I looked at the sign. Shelbyville. Why would Jesus want to get off at Shelbyville, Indiana? I exited on Highway 9, took a right as he directed, and drove a mile to the town. We turned right on a downtown roundabout and exited onto Washington Street. Two blocks later, Jesus said, “Pull in here.”

Major Hospital.

I stopped the U-Haul in the parking lot and turned to Jesus. “You’re not going to go and heal a bunch of people, are you?”
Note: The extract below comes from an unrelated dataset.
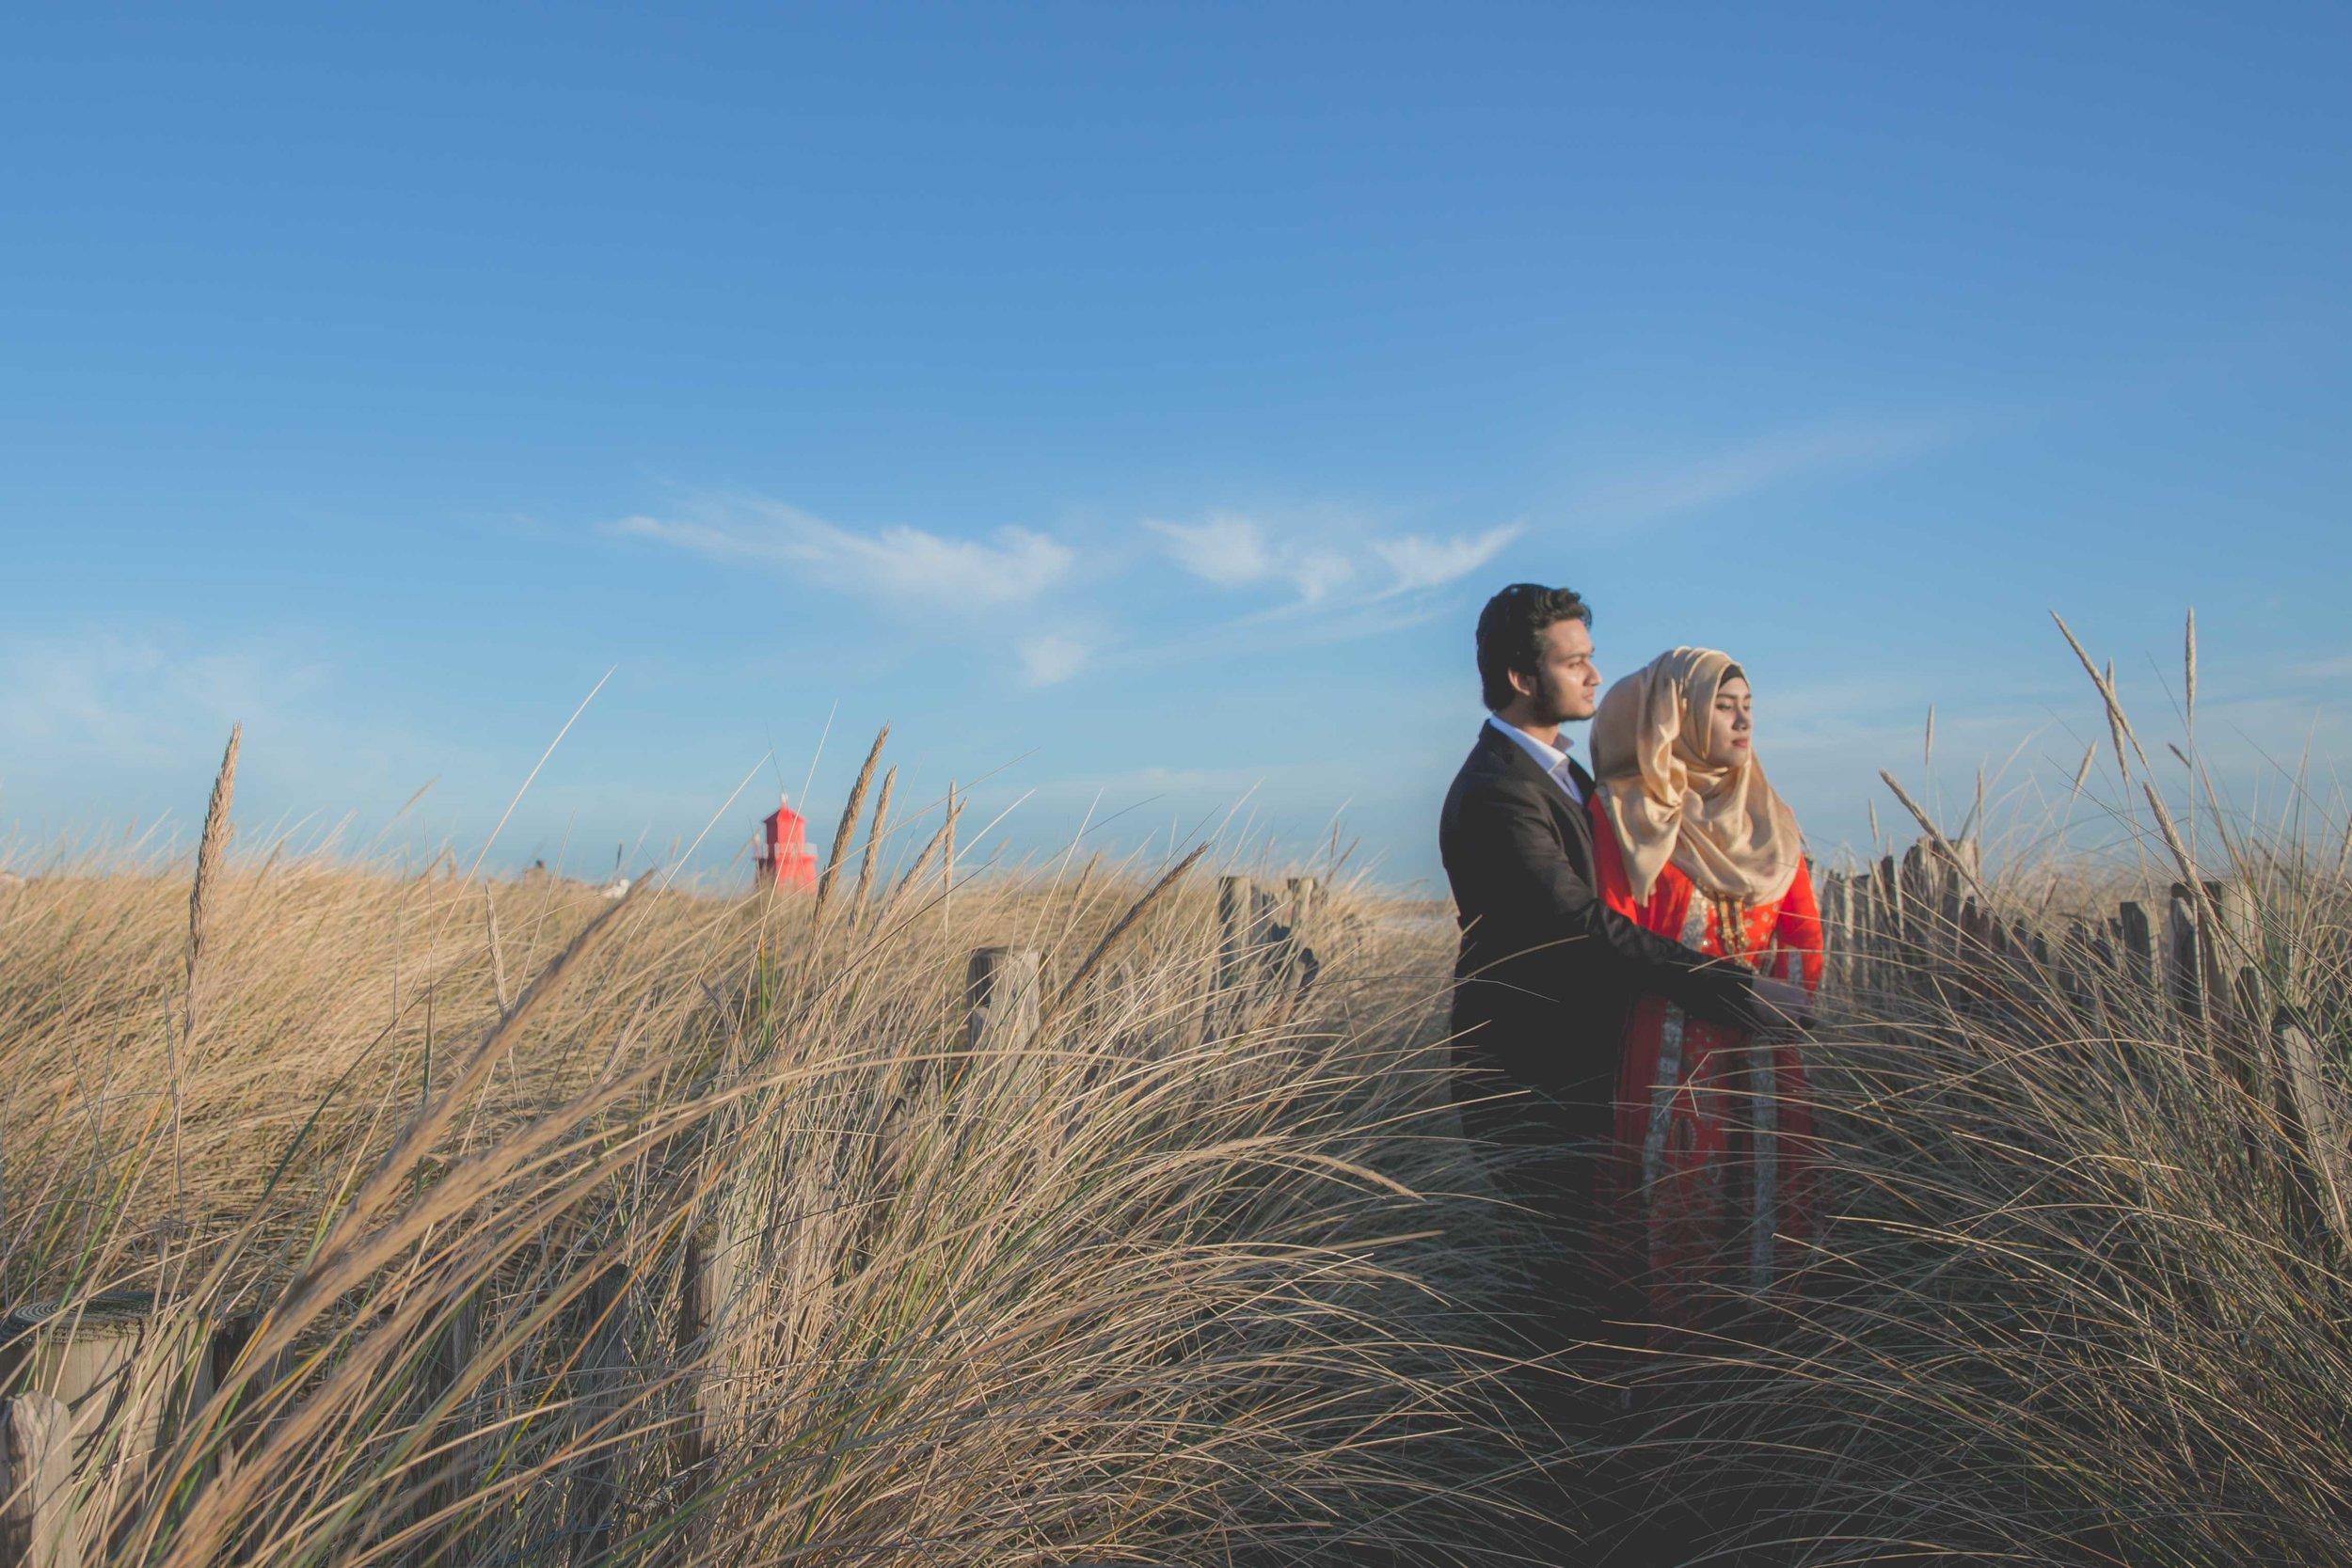 newcastle-beach-lighthouse-couple-prewedding-pre-wedding-shoot-asian-wedding-photographer-natalia-smith-photography-1.jpg

He laughed. “No. Not tonight.”

“So what are we doing?”

“We’re going in.”

He opened his door and slid out. I joined him behind the truck. “Are we here to see someone in particular?”

“Yes.”

“Anyone I know?”

“No.”

I followed Jesus through the main doors and to an elevator bay. We rode to the third f loor and walked into an area labeled “Labor and Delivery.”

“We’re going to see a baby? At this hour? But aren’t there rules about visitors . . .”

“Trust me, Nick. We’re going to see a family.” He pointed to a waiting area. “Why don’t you hang out over there a minute.”

I ambled over and took a seat, watching him as he approached a nurses’ station. In a moment he and a nurse disappeared around a corner. I was tempted to follow, but Jesus had told me to wait. I leaned forward and grabbed a parenting magazine off the coffee table in front of me. I started reading an article titled “Adding Number Three.” Timely.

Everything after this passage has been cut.